Where are the best jobs of 2017? Look to technology.
Jobs for US workers with tech skills took 14 out of 50 spots in a 'best jobs' survey.
Vincent Yu/AP/File
Glassdoor released its annual ranking Monday of this year's 50 "best jobs" in the United States. Once again, perhaps unsurprisingly, tech-related positions rose to the top.
Four of the top five jobs, in fact, were for tech workers, with "data scientist" defending its spot at the top of the list. The ranking – which is based on median base salary, job satisfaction rating, and the number of positions available on Glassdoor – reflects a broader trend in a changing US labor market. As an increasing number of industries, even outside the traditional tech sector, seek to grapple with rapid technological innovation, demand for tech professionals has skyrocketed.
"This report reinforces that the best jobs are highly-skilled and are staying ahead of the growing trend toward workplace automation," Glassdoor's chief economist, Andrew Chamberlain, told Business Insider. Keeping one step ahead of the machines, as workplaces grow increasingly automated, requires a few notably human qualifications: a sense of creativity, discernment, and adaptability.
"Those are aspects of work that are extremely difficult to automate, and having them allows workers to team up with technology to become more productive, rather than simply being replaced by it," Dr. Chamberlain added.
Data scientists earn a median base salary of $110,000 per year and report a job satisfaction rating of 4.4 out of 5, according to Glassdoor's report. The job rose to No. 1 last year, up from No. 9 in 2015.

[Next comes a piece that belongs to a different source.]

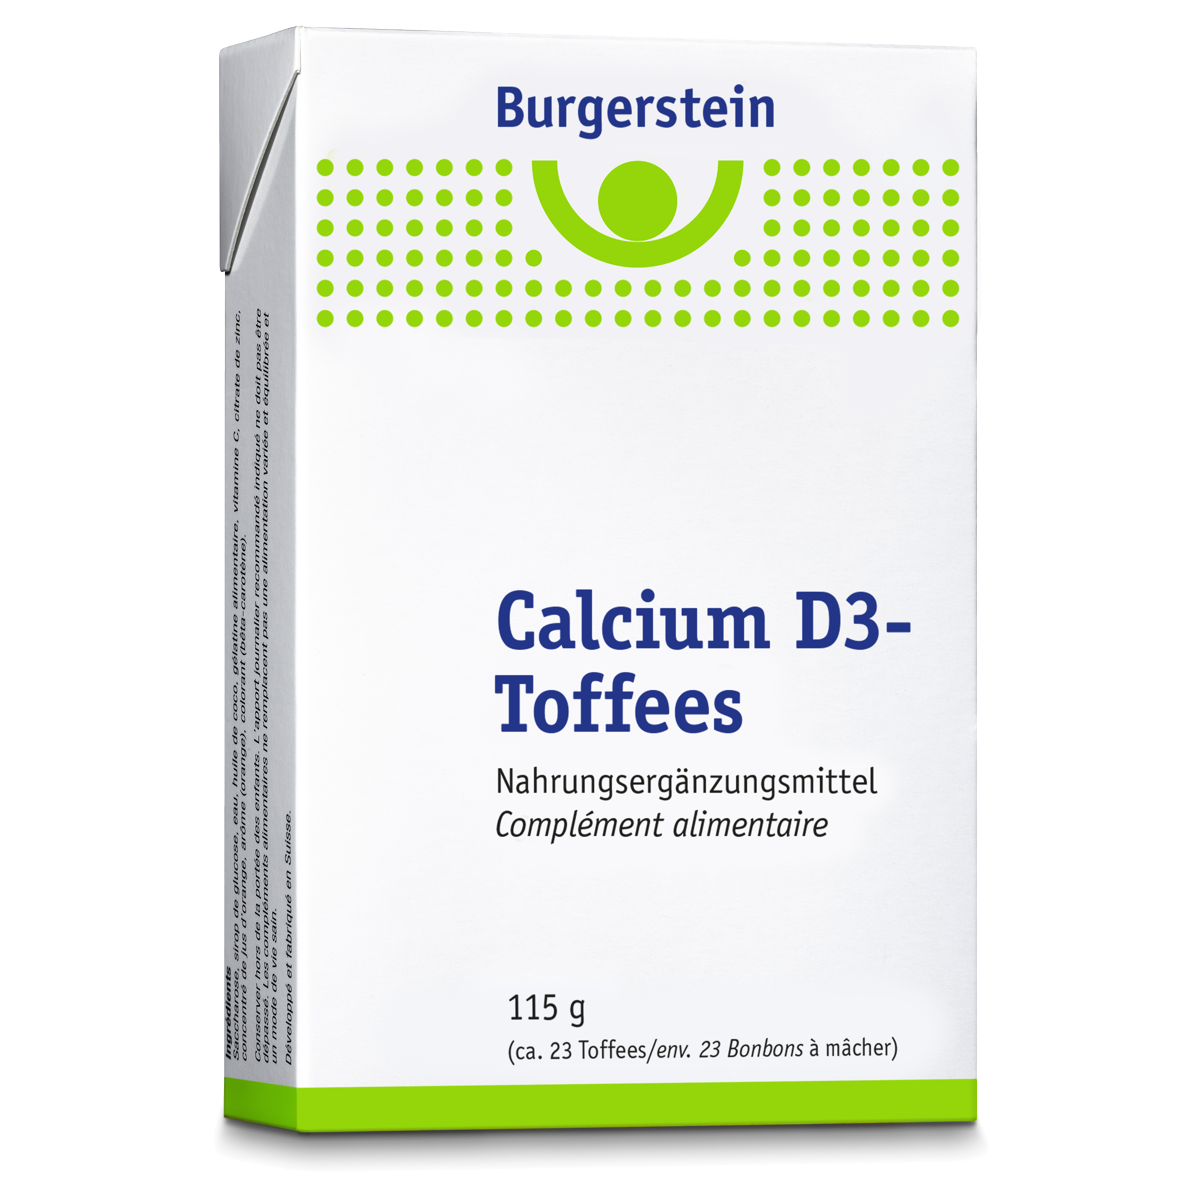 Burgerstein Calcium D3-Toffees 115 g
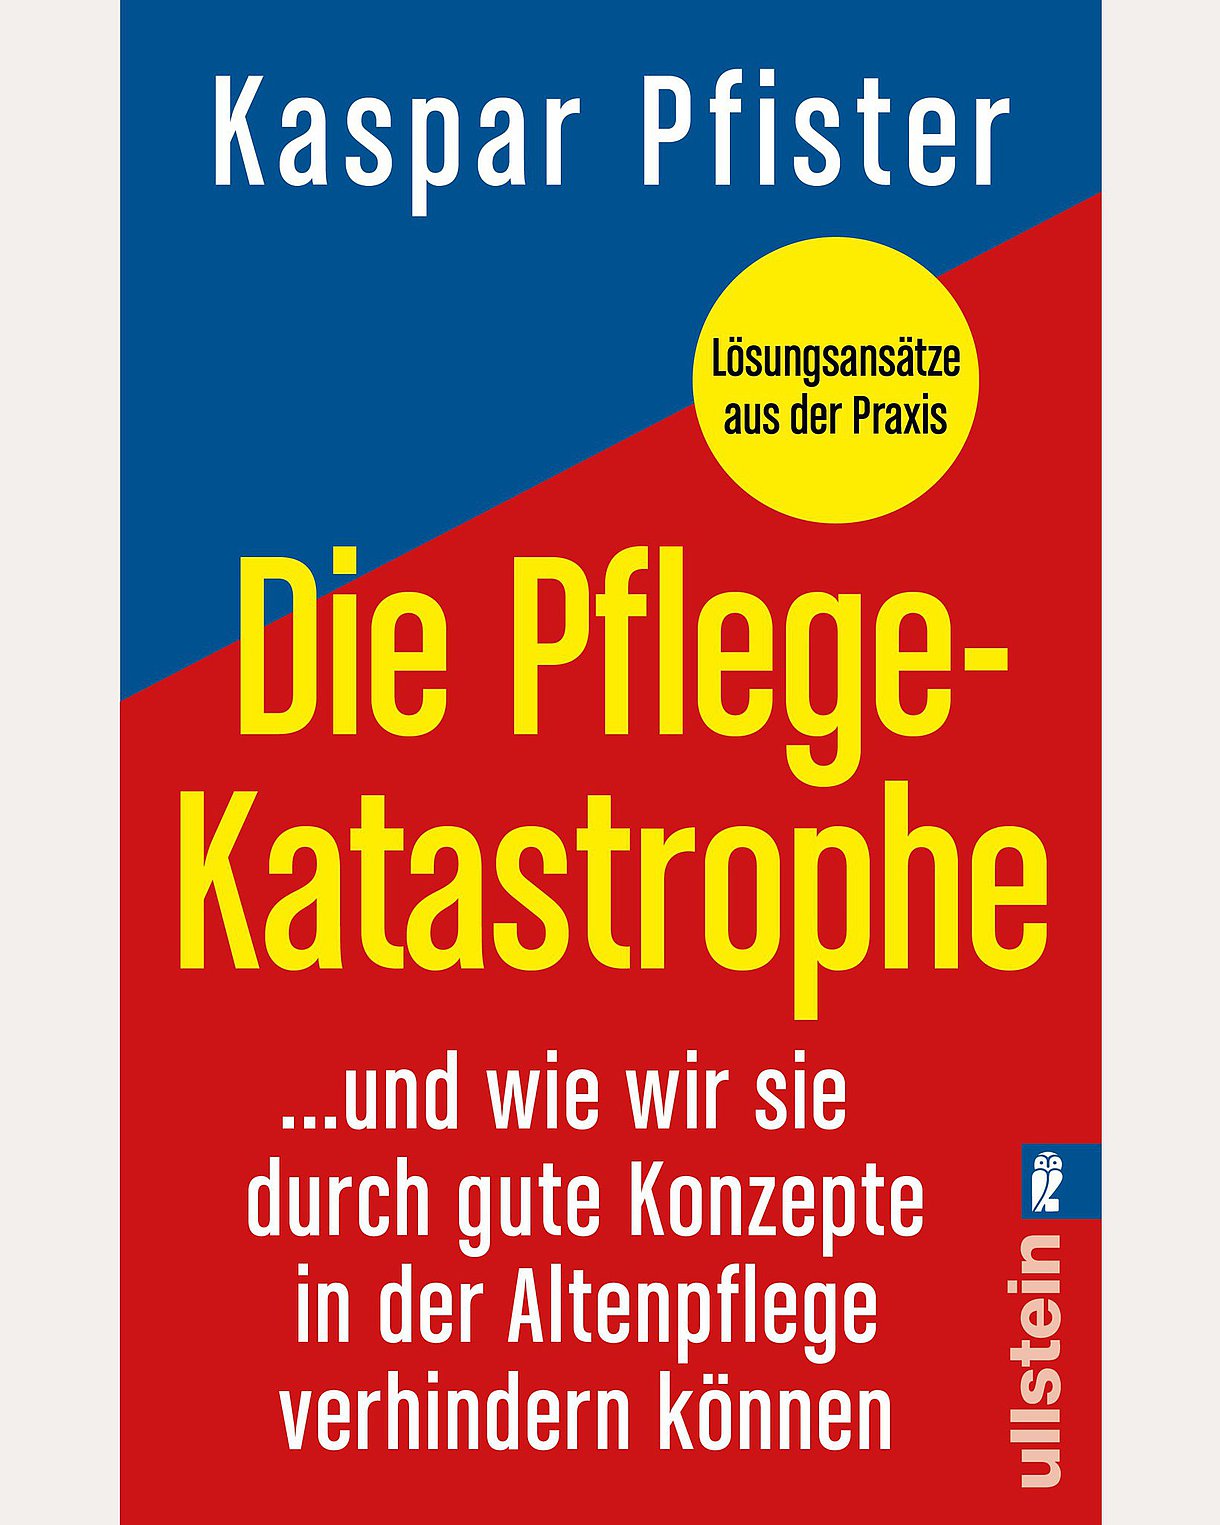 Cover des Buches "Die Pflegekata­strophe" in den Farben Rot und Blau

DevOps Engineer – a job that entails both software development ("Dev") and informational technology operations ("Ops") – came in second, followed by data engineer in third.
Fourteen of the 50 jobs that made the list require some sort of STEM-related skills (in science, technology, engineering, and/or math), as USA Today reported.
Glassdoor's ranking comes as newly inaugurated President Trump launches his administration with an emphasis on job creation, with a special emphasis on manufacturing – having inherited a US economy showing signs of progress along a long road to recovery.
The unemployment rate rose from 4.6 percent in November to 4.7 percent in December. But it remained well below its 10-percent peak during the recession, and the labor force grew by 184,000 last month (a factor that can increase the unemployment rate), as The Christian Science Monitor's Lonnie Shekhtman reported earlier in January.
"At this pace of growth, we can expect to continue to see improvements in the labor market over the next couple of years as we approach full employment," Elise Gould, senior economist at the Economic Policy Institute, a think tank, wrote in a newsletter.
Looking forward, the Glassdoor report suggests that these tech-related fields, not manufacturing, will grow even more prominent for the American labor force.
"Politicians love to talk about manufacturing jobs because appeal to nostalgia, but most economists say those jobs will never return," Dr. Chamberlain told USA Today. "The future is in skilled services, not in making physical things.”